Dataset excerpt:
BEGIN

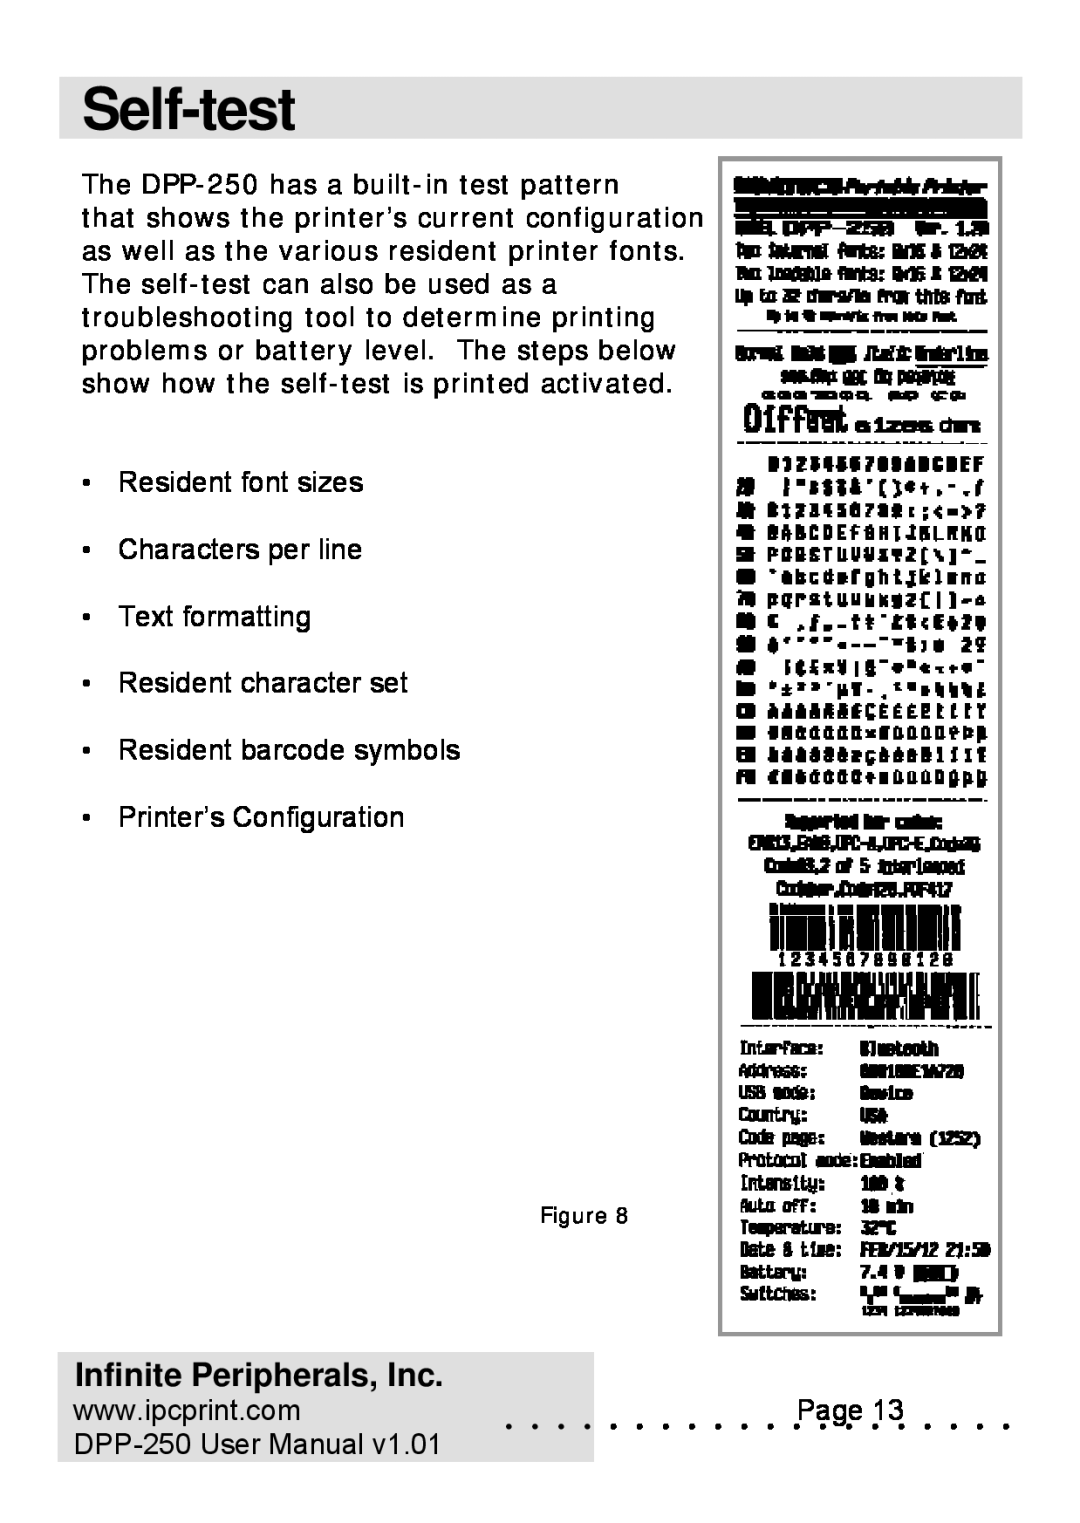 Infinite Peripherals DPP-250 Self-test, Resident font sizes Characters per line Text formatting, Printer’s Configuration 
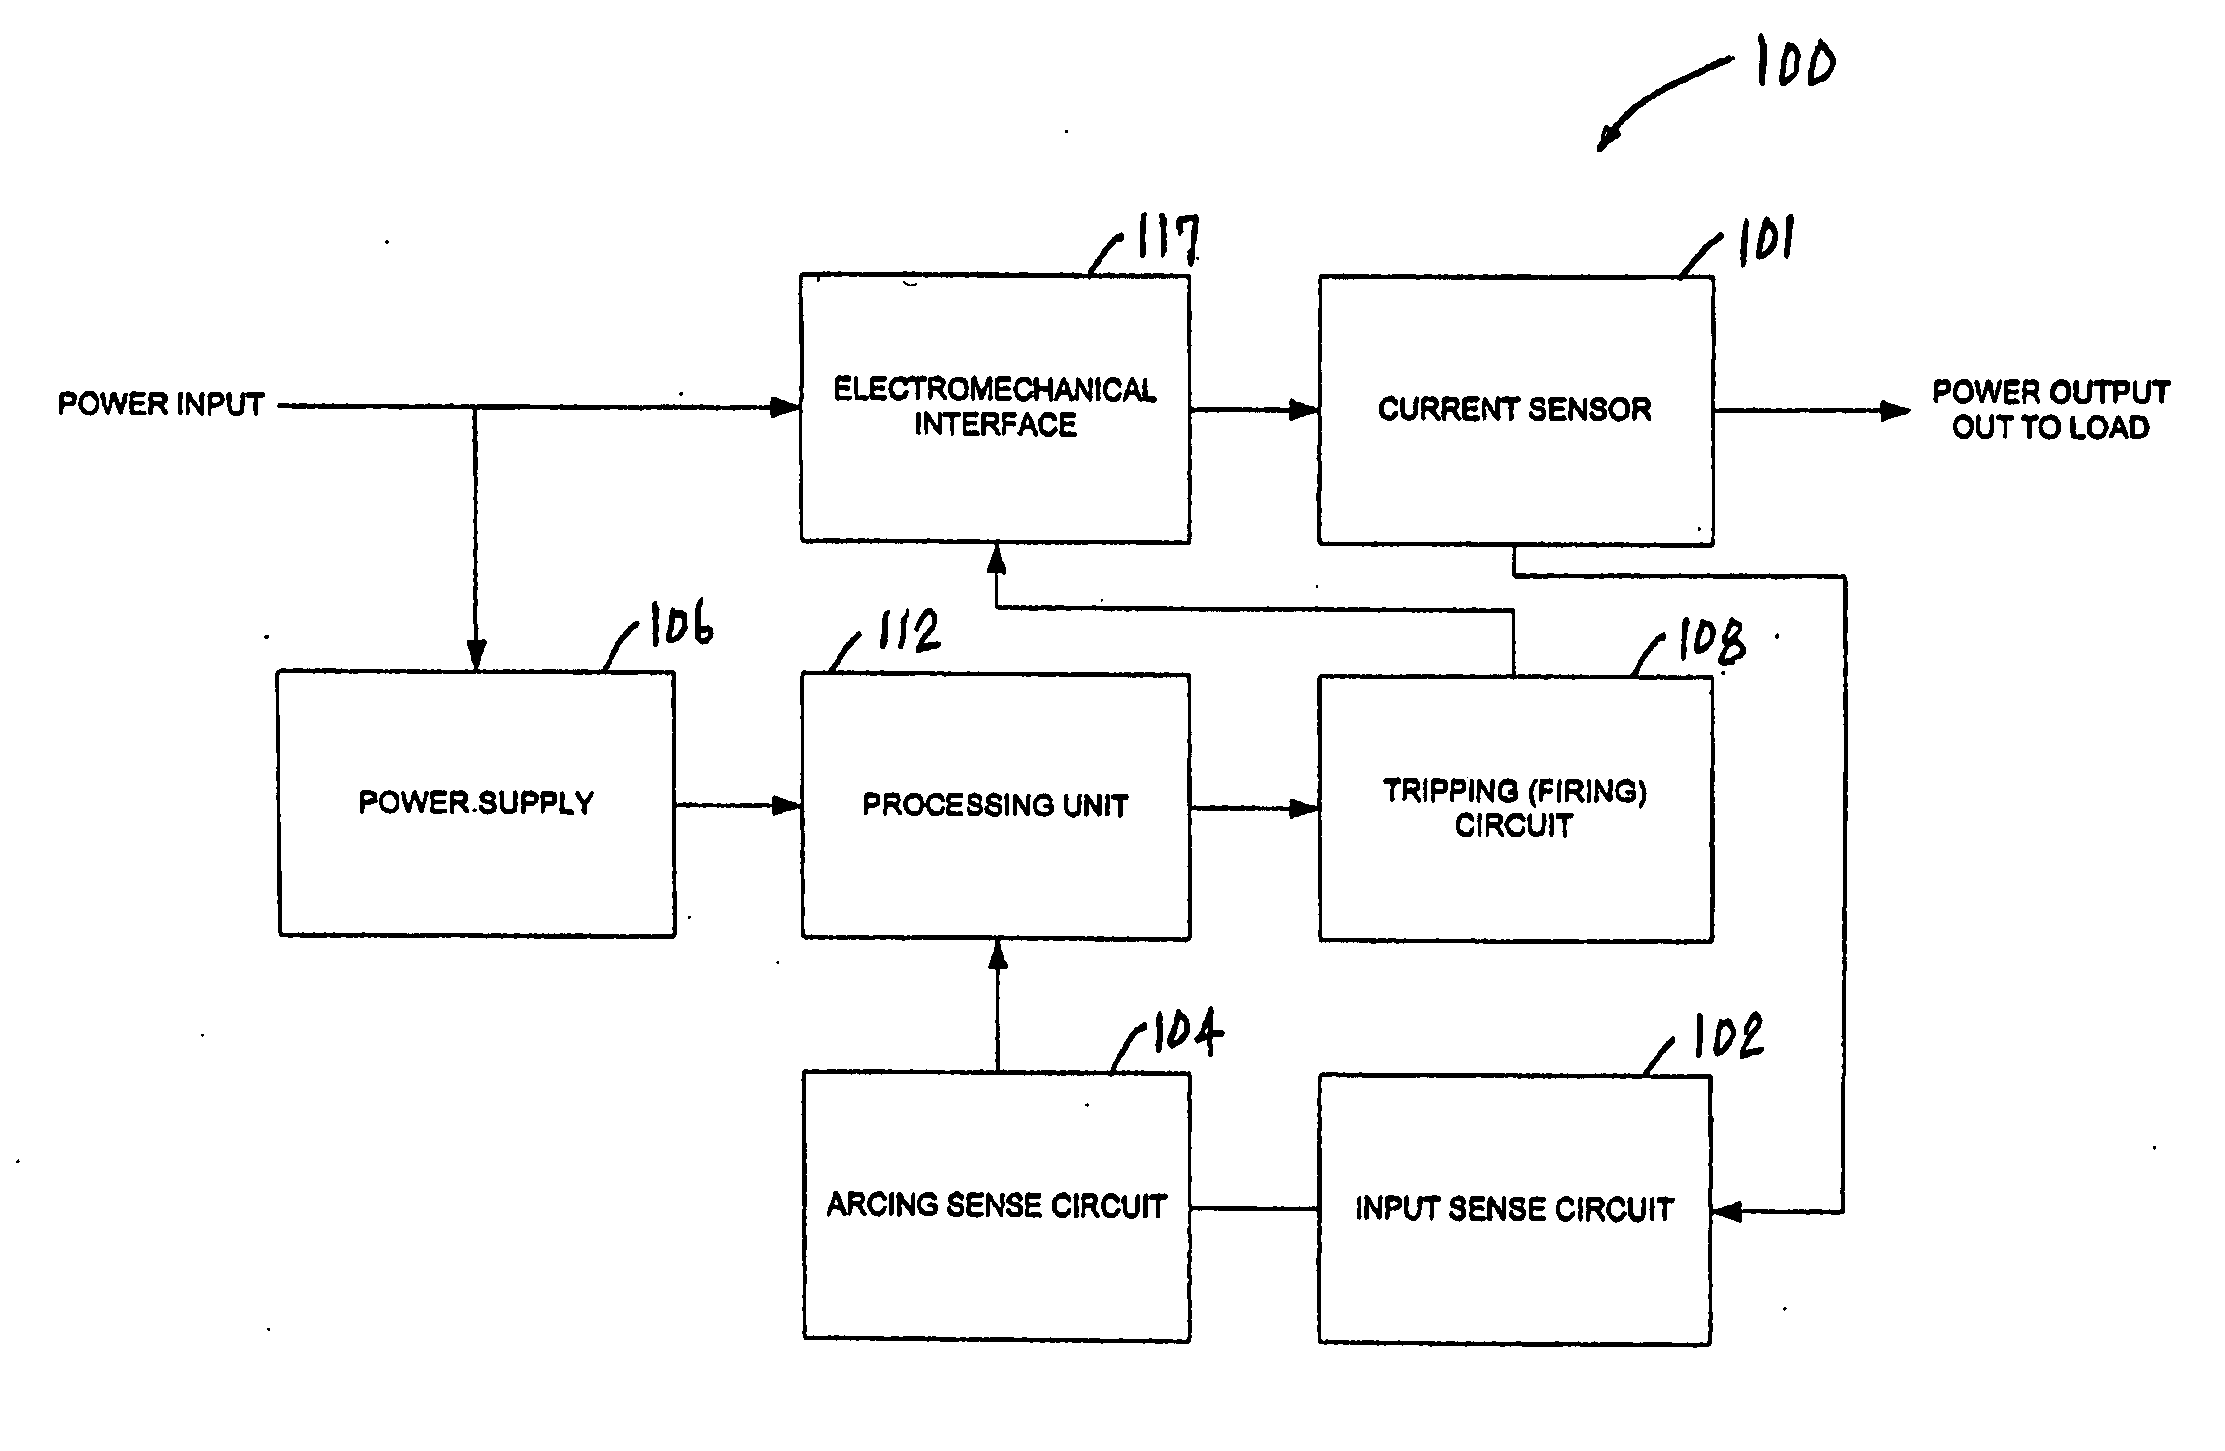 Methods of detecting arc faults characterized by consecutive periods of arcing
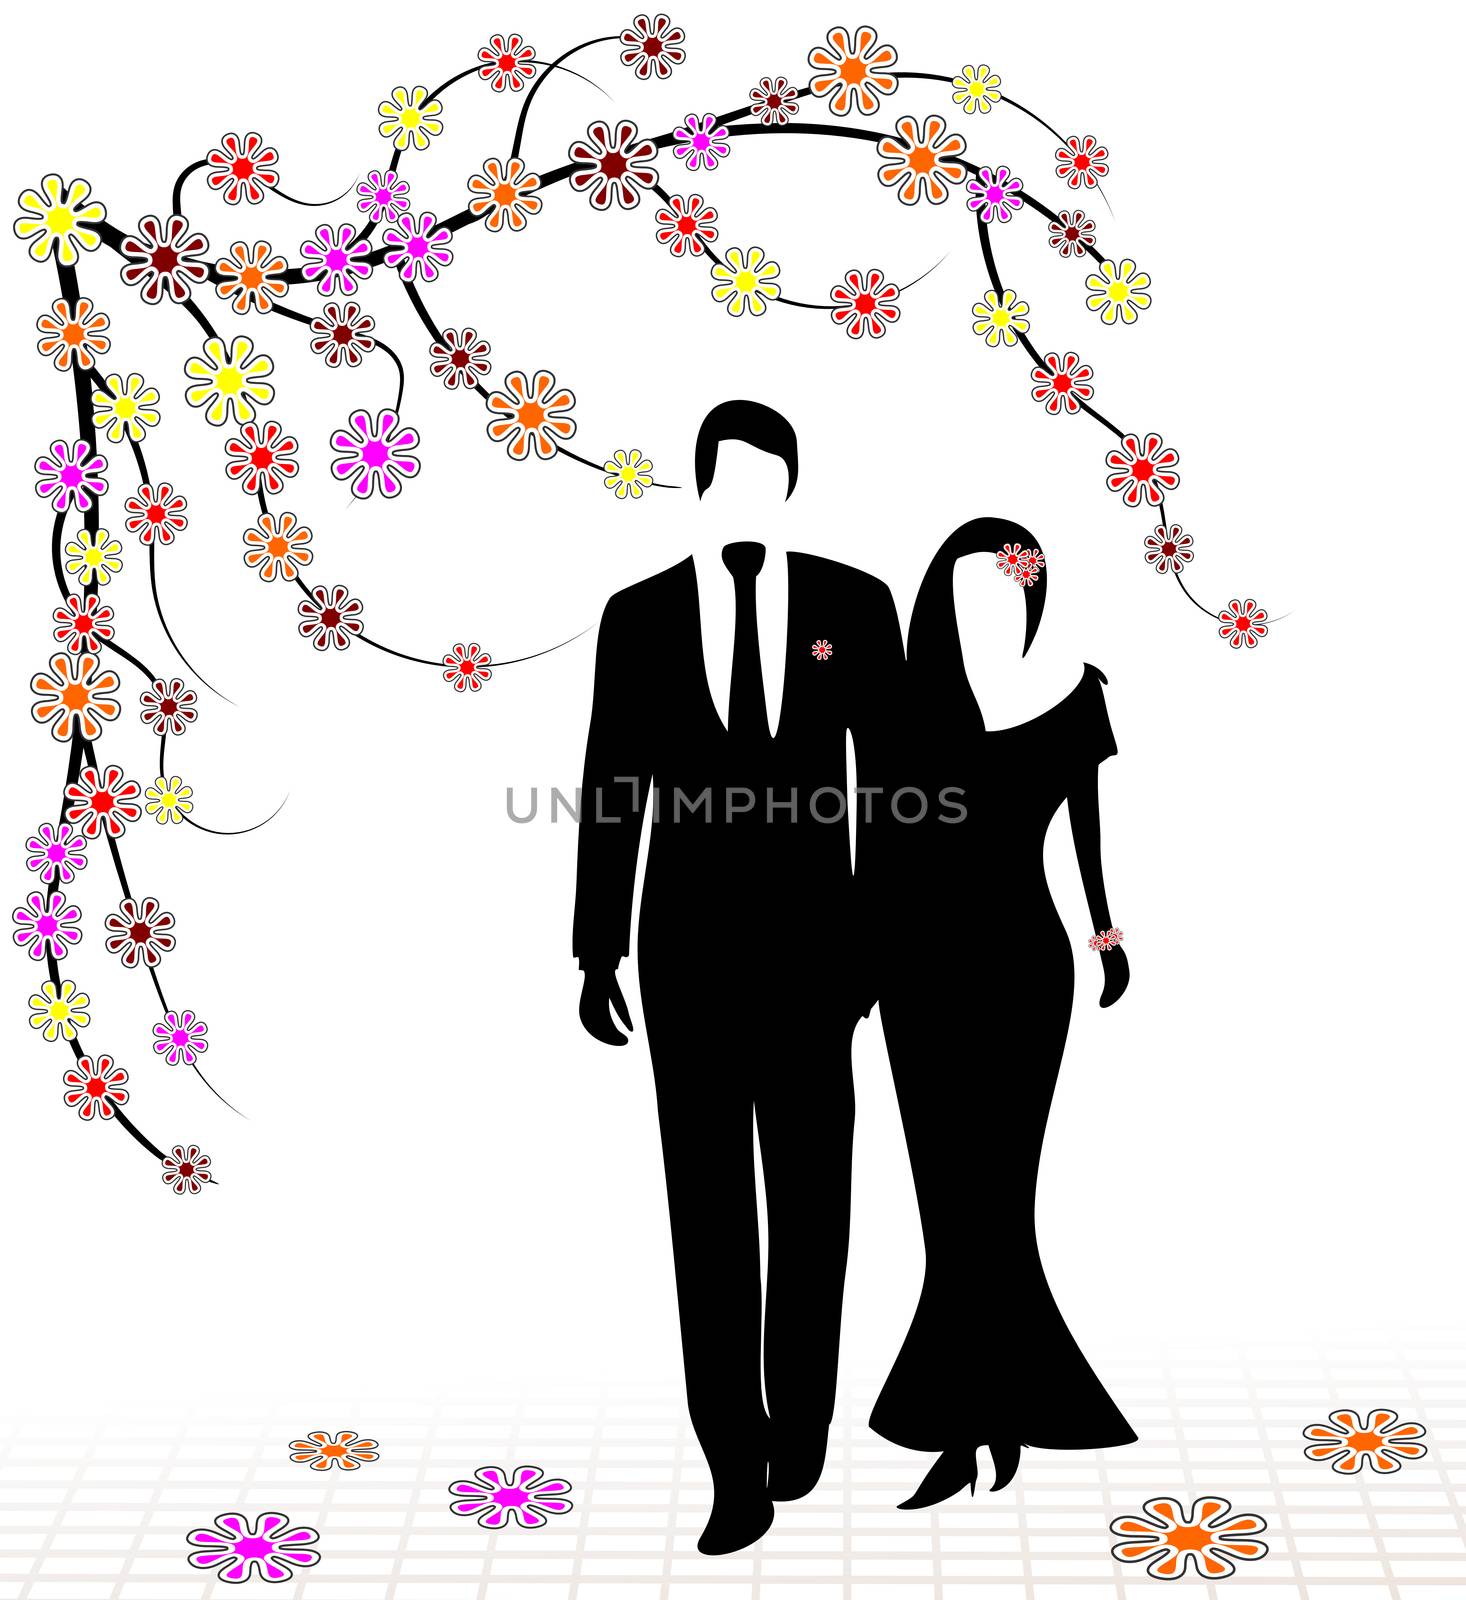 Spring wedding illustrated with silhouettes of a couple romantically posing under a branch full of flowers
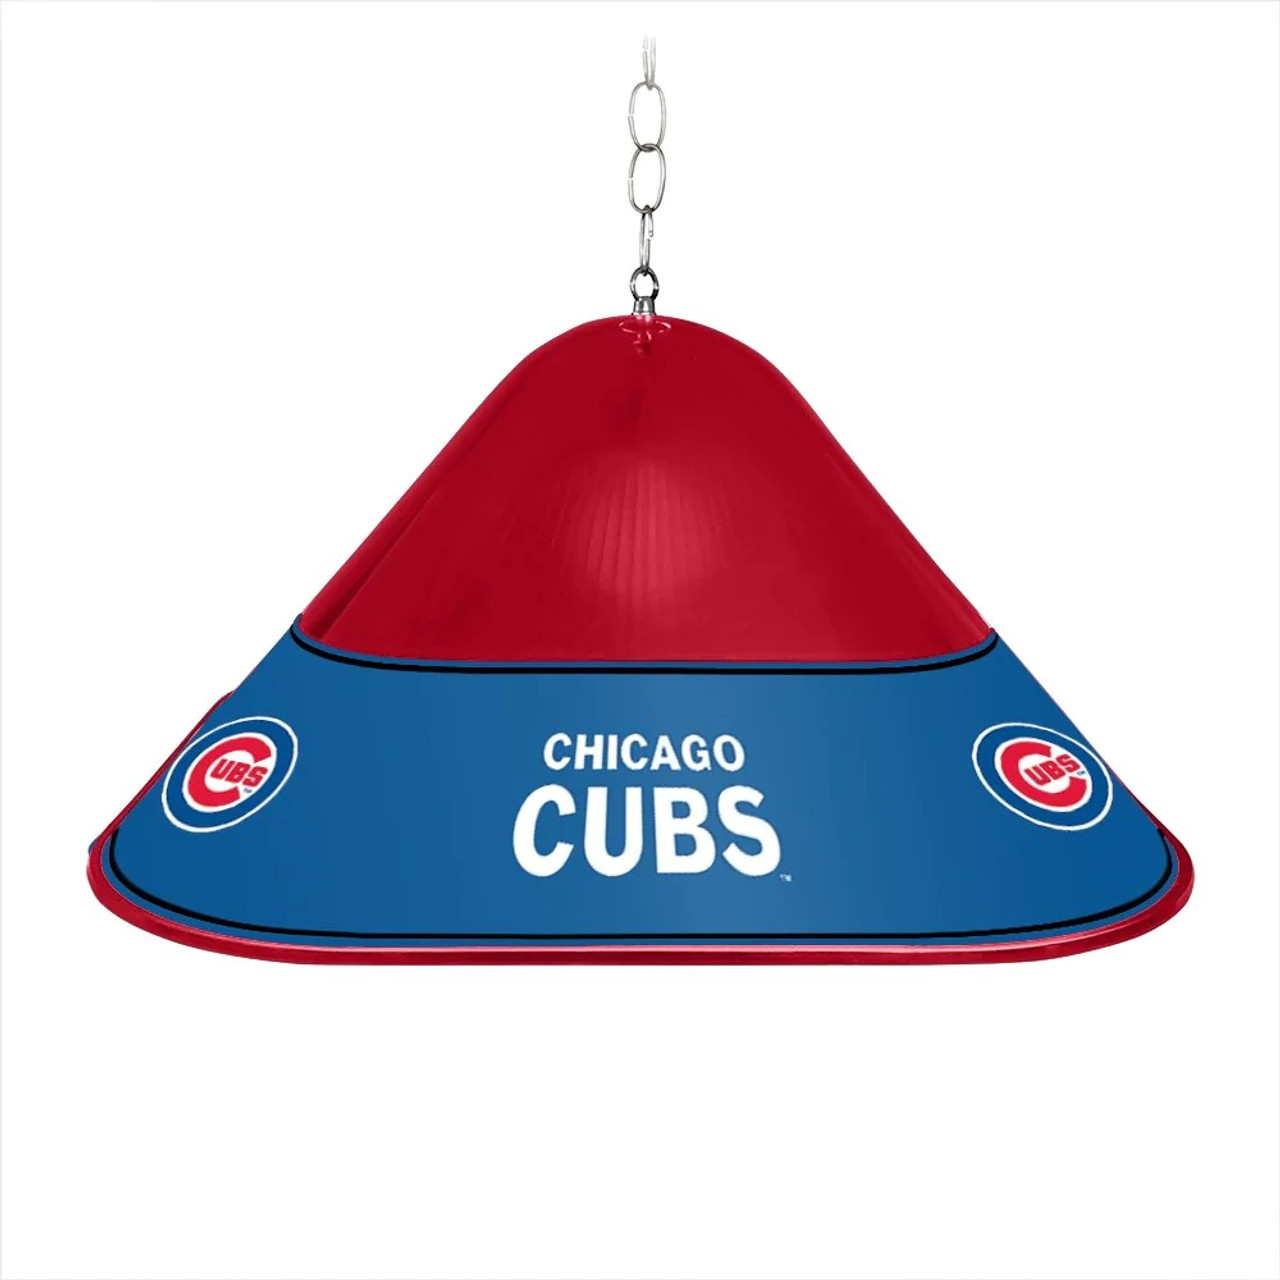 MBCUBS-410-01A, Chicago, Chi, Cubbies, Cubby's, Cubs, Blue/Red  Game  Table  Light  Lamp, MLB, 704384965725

END

Your objective: Word for word, print the material above, but without its pictures.

Result of this exercise:
 Infinite Peripherals DPP-250 Self-test, Resident font sizes Characters per line Text formatting, Printer’s Configuration 
 Methods of detecting arc faults characterized by consecutive periods of arcing
 Spring wedding illustrated with silhouettes of a couple romantically posing under a branch full of flowers
 MBCUBS-410-01A, Chicago, Chi, Cubbies, Cubby's, Cubs, Blue/Red  Game  Table  Light  Lamp, MLB, 704384965725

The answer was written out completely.